My very first, and remaining, passion was, and therefore is, books. I read voraciously, and must have read in (almost) every genre over forty-odd years. First book, foisted on me with the instruction to “read it and I’ll ask you about it later” was The Hobbit. I loved it, and if you can forget the foisting and stern instruction, it was the first book I ever read of my own volition. I began a life-long trend.
First choices were, perhaps understandably, “stories”. Soon came novels, then books in a genre, and latterly factual, historical, travel, and biographies (within a strict field…or genre). But along the way there have been countless books read because they covered a particular, and often short-lived, interest of the moment.
It became the “what I do” scenario…get interested…search for everything on the subject…buy,borrow, steal as many of the list as possible and ingest them like food.
Woodturning brought a whole new category of books into the vast collection. But there was a glaring problem; they were quite specifically about woodturning. They were, are, books about woodturning, for woodturners, by woodturners. This is all well and good when you are new to the craft, it serves to illustrate not only technique and common practice, but serve as sources of inspiration…”I’ll have a go at one of those”, but what was there beyond these books? In truth precious little. The books of Tony Boase, perhaps, expand a little, and add vast interest by giving snapshots of the lives and practices of the turners in the public eye…and a couple not so publicly prominent. So you reach a point where there seems nothing left to read, nothing on a wider plain, nothing broader in stroke and intention. So what next?
Well next was nothing actually.
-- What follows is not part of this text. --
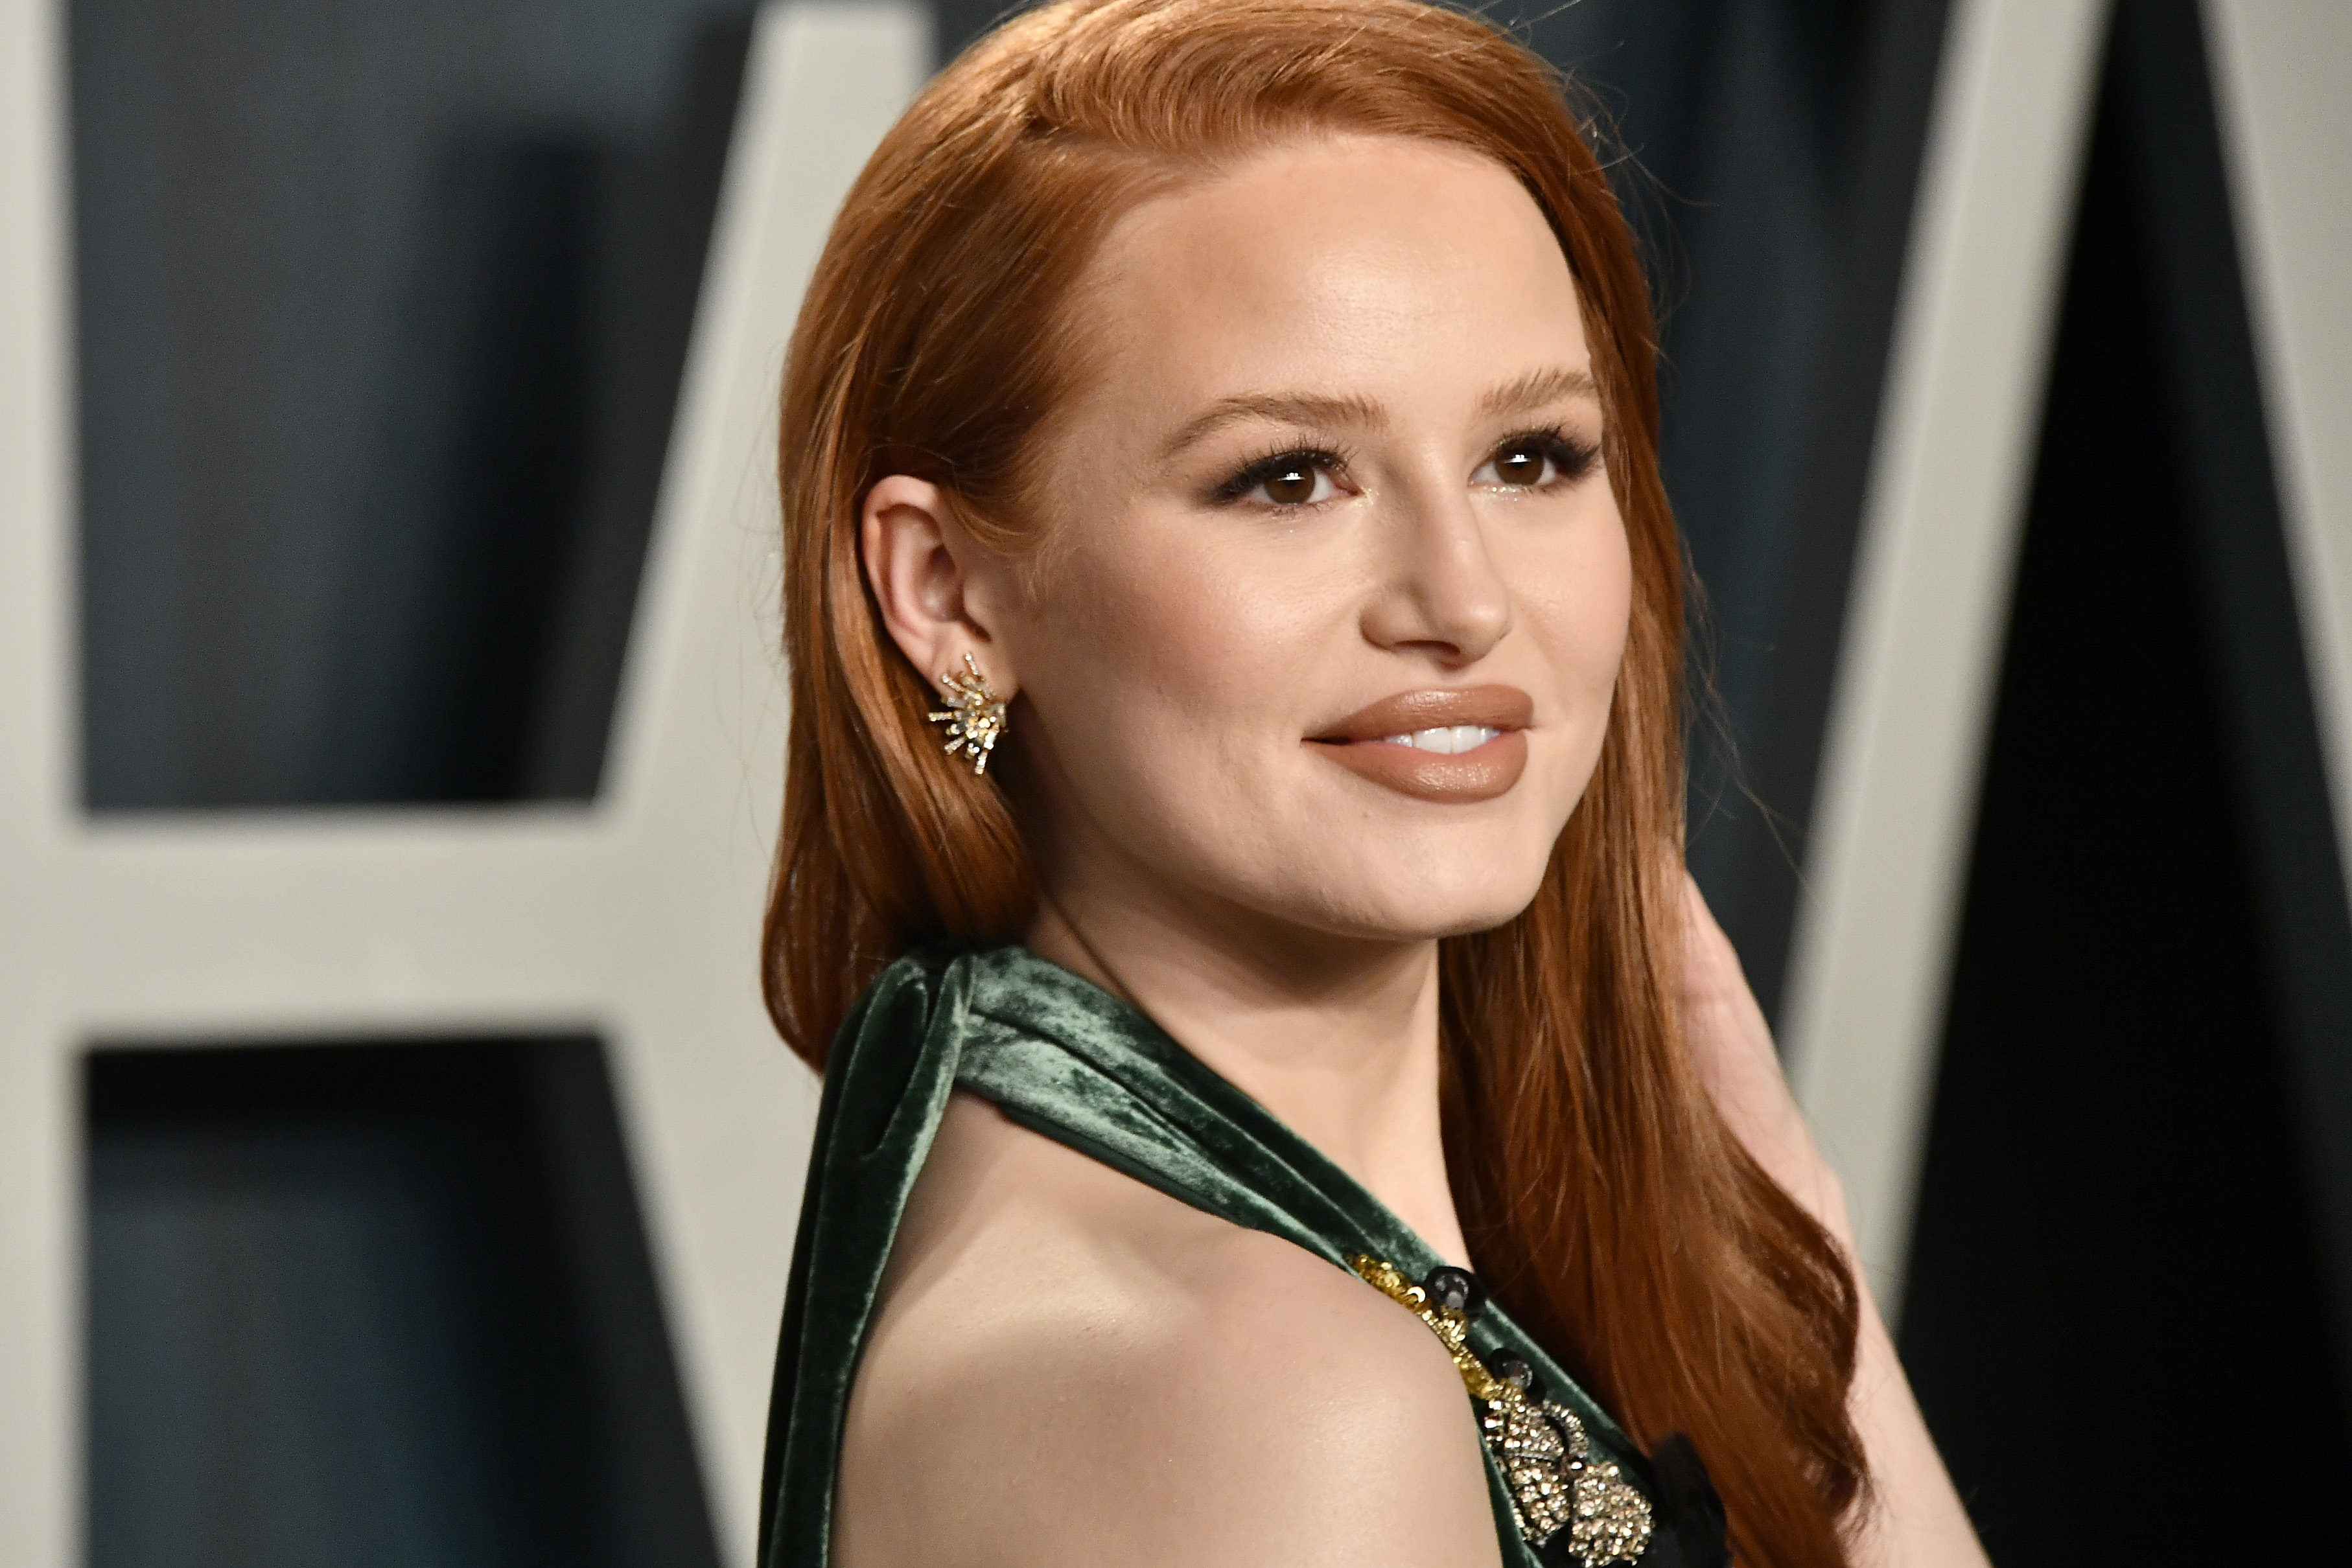 Madelaine Petsch at the Vanity Fair Oscar Party at Wallis Annenberg Center for the Performing Arts in Beverly Hills, California, on February 09, 2020. | Source: Getty Images

I still searched and collected missing books, and read and enjoyed them as they arrived, but that’s as far as it went. And then…
And then as interest in the wider questions grew, another avenue of possibilities opened up.
Quite some time ago I had read somewhere, I forget where, about a book which sounded interesting, but a quick search proved fruitless, and so I forgot it for a while. But to a book-lover a lost book is like a drug, and the title will pop into mind every so often. The title of this book did just that only last week. So I did another search…and there it was! Brand new, slightly soiled (or so it claimed), and at a bargain price. Happy days. Book ordered.
And then, of all the coincidences, into my email folder pops a scanned copy of the first pages! I won’t name the sender in case the copyright holder is reading! But I thanked him and he knows I appreciated it. But I couldn’t bring myself to actually read the PDF version, knowing the hard copy was on its way. Well it arrived this morning…and I’ve read the introduction and first chapter, and it was well worth the wait.
It’s available on Amazon, and if you wish to expand your understanding of what we do, why we do it, what it is and why, I can only suggest it will be well worth the £10 or so…the first chapter alone is worth the money. And I can’t wait to read the others.